Fertilizer & Potash Company Update: Stamicarbon, Kalium Lakes and Trigg Mining

Fertilizer & Potash Company Update: Stamicarbon, Kalium Lakes and Trigg Mining

Stamicarbon, the licensing and IP center of Maire Tecnimont SpA, based in Sittard-Geleen, The Netherlands, has announced the first piece of high-pressure equipment for El Nasr Co. for Intermediate Chemicals’ (NCIC) new urea melt plant in Egypt has been finalised on time. The stripper was completed earlier in May at Schoeller-Bleckmann Nitec GmbH (SBN) in Austria, and will be stored at an SBN shop, while it awaits shipment. With a planned capacity of 1050 tpd, the urea melt plant will be part of a major new fertilizer complex for Egyptian chemical and fertilizer manufacturer NCIC. Stamicarbon’s client is Thyssenkrupp Industrial Solutions (tkIS), who will realise the project as part of a consortium with Egyptian company PETROJET.
Kalium Lakes, an exploration and development company based in Balcatta, Western Australia, is accelerating its Beyondie sulfate of potash project’s works programme and will mobilise various contractors in the coming weeks. Works that will be carried out include the pond construction earthworks, an 80 km gas pipeline installation, purification plant EPC works, residual workshop, village and administration facilities construction and also final equipping and pipeline connection of sunshine bores and trench network. Equipment fabrication and supply is on track with the first shipment of German equipment to depart Hamburg this month. Other equipment supply (boiler, chiller, cooling tower, stacker, vibrating feeder) have or are due to be shipped to Perth in the near future. Moreover, recent delays have provided the opportunity for the company to build its brine inventory which is expected to mitigate the risk of insufficient salts due to an additional six months of brine production.
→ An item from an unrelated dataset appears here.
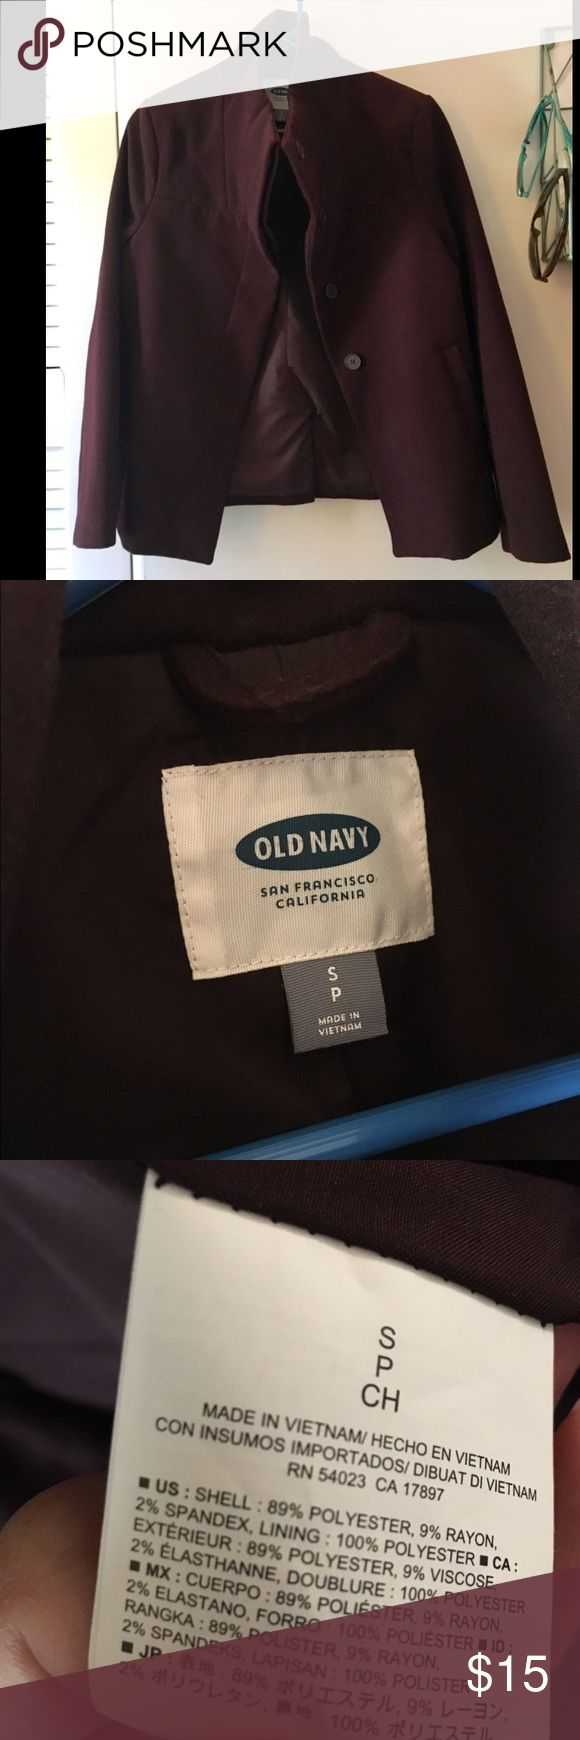 Old navy pea coat Aubergine pea coat from Old Navy. Very clean lines Old Navy Jackets & Coats Pea Coats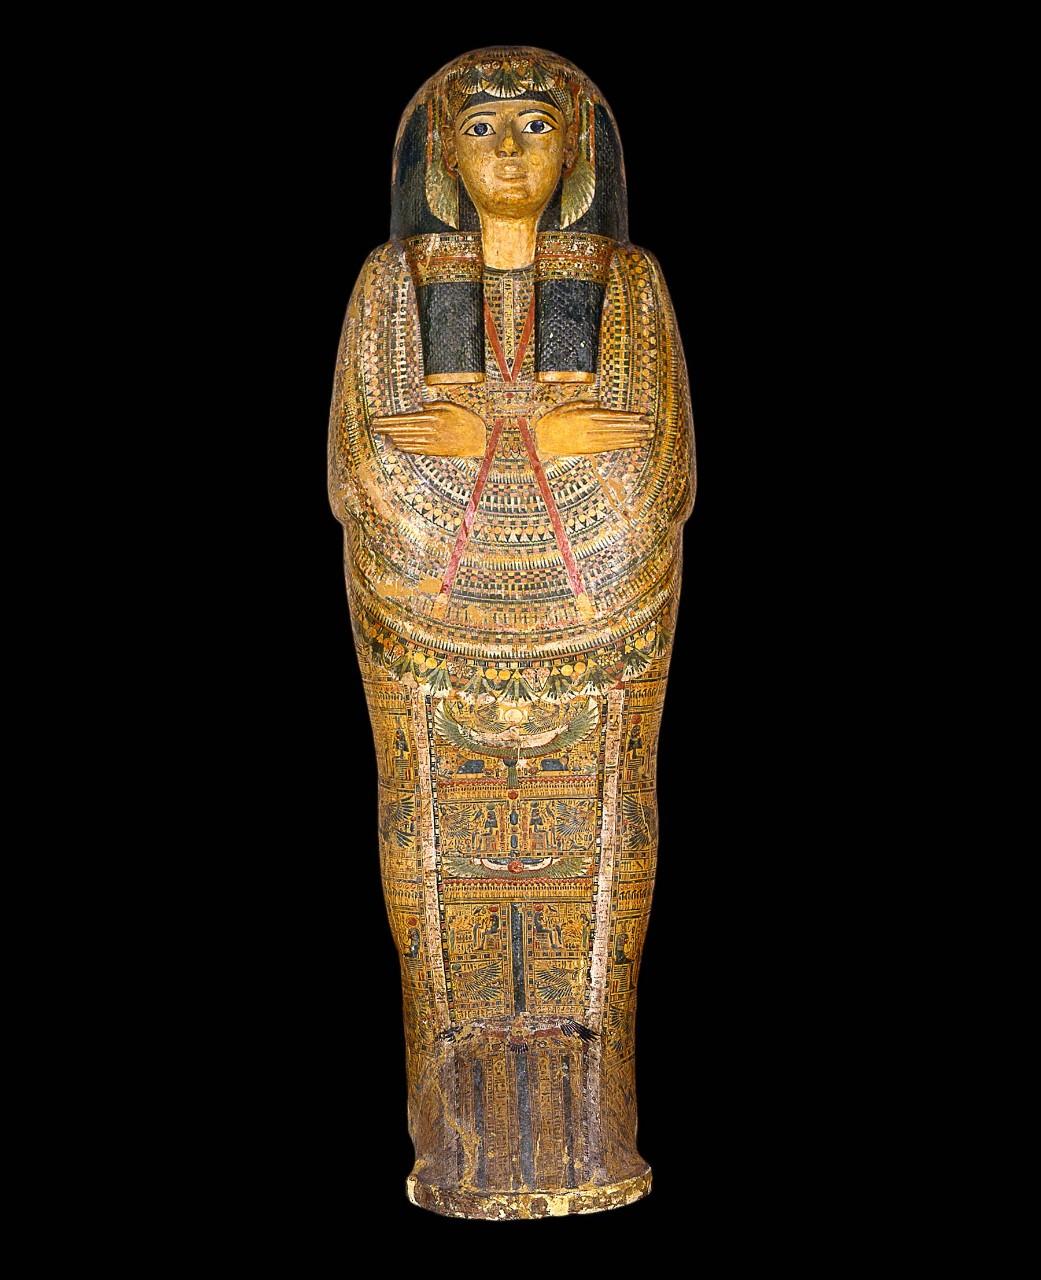 Uncategorized Pictures Of Sarcophagus sarcophagus of djedmut vatican museums sarcophagus

Trigg Mining Ltd, a Western Australian exploration company, has welcomed the recent announcement by Australia’s federal and state governments of an AUS$20 million contract to seal a 41 km section of the Great Central Road towards the company’s Lake Throssell sulfate of potash (SOP) project in Western Australia. The road project is designed to provide interstate connectivity for the freight industry, tourists, and communities and also represents a significant access benefit to the Lake Throssell project. The Great Central Road passes through the Lake Throssell tenements, and the road project will significantly enhance project access, future logistics and transport of people, equipment, materials and product to the regional centre of Laverton. A recent gravity survey at Lake Throssell has defined several targets which are highly prospective for high-grade SOP endowment within the palaeochannel.